Currently, the first line treatment for uncomplicated malaria in Botswana is a fixed-dose combination of artemether (AM) and lumefantrine (LU)5. After oral administration, AM is rapidly absorbed and metabolized to dihydroartemisinin (DHA) through demethylation, mainly via CYP2B6 enzymes6,7,8. DHA has a higher antimalarial activity than AM, and it is inactivated primarily by glucuronidation7,9.

Efavirenz (EFV) and nevirapine (NVP) are the most prescribed drugs in anti-HIV combination treatment in resource-limited countries10. There is a considerable literature on EFV and NVP pharmacogenetics and currently it has been proposed that personalizing the dosage of these anti-HIV drugs according to the CYP2B6 genotype of the patient will be of therapeutic benefit11.

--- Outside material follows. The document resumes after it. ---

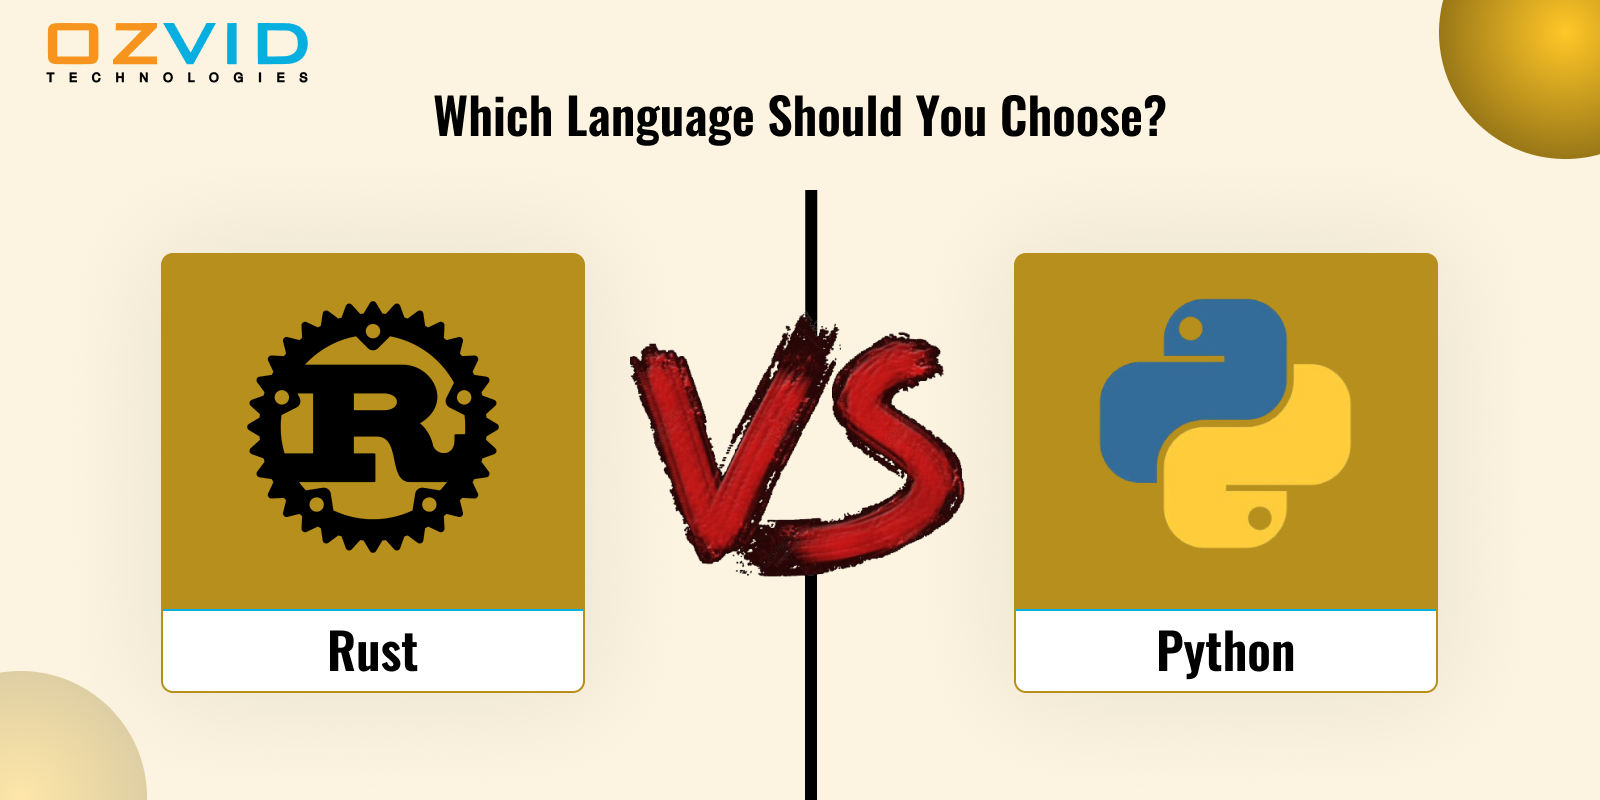 Rust vs. Python: Which Language Should You Choose?

The known single nucleotide polymorphisms (SNPs) within the CYP2B6 locus influencing AM and EFV/NVP plasma exposure are: 516 G > T (rs3745274), 785 A > G (rs2279343) and 983 T > C (rs28399499). The polymorphisms at position 516 and 983 confer a slow metabolic phenotype, leading to higher drug plasma exposure and increased toxicity risk. The variation at position 785 confers rapid drug metabolism, leading to lower drug plasma level and potentially poorer therapeutic outcome10. The above-mentioned SNPs, in combination or individually, may lead to the following CYP2B6 alleles: *4 (785 A > G only), *6 (516 G > T and 785 A > G), *9 (516 G > T only), *16 (785 A > G and 983 T > C), *18 (983 T > C only) ( The metabolic status for a given drug is defined as slow, intermediate, extensive or ultra-rapid as a result of the individual’s genetic make up12. Furthermore, in the anti-infectious therapy context, the therapeutic outcome based on the individual metabolic status for a given drug depends also on the length and frequency of therapy. For example, in the context of the short course uncomplicated malaria treatment, a slow AM metabolism induces a lower biotransformation rate to the most active metabolite DHA7 leading to a lower efficacy and possibly a longer tail during which malaria parasites are exposed to sub-inhibitory drug concentrations, inducing an increased permanence in the selective window for drug resistance13,14. Conversely, in the context of chronic EFV- or NVP-based antiretroviral combination therapy (ARTc), a slow metabolic profile reduces drug clearance leading to higher drug plasma exposure and consequent higher toxicity risk. This may cause poorer compliance by the patient with resultant emergence of viral resistance possibly related to suboptimal drug exposure10,15. Concerning the influence of rapid metabolism phenotypes on antimalarial and antiretroviral therapy, information is lacking10.

Another important aspect is that malaria treatment in sub-Saharan Africa may frequently overlap EFV- or NVP-based ARTc leading to possible drug-drug interactions. The co-administration of EFV or NVP and AM-LU was associated with low plasma concentration of AM and DHA, whereas LU concentration was reduced by EFV co-administration16,17. A recent study, looking at HIV-infected patients affected by malaria in Tanzania, has shown that the slow metaboliser genotype CYP2B6 *6/*6 leads to high EFV plasma concentration which are significantly correlated with low LU plasma concentrations and a high rate of recurrent parasitemia18, increasing the risk of the appearance of drug-resistant malaria parasites.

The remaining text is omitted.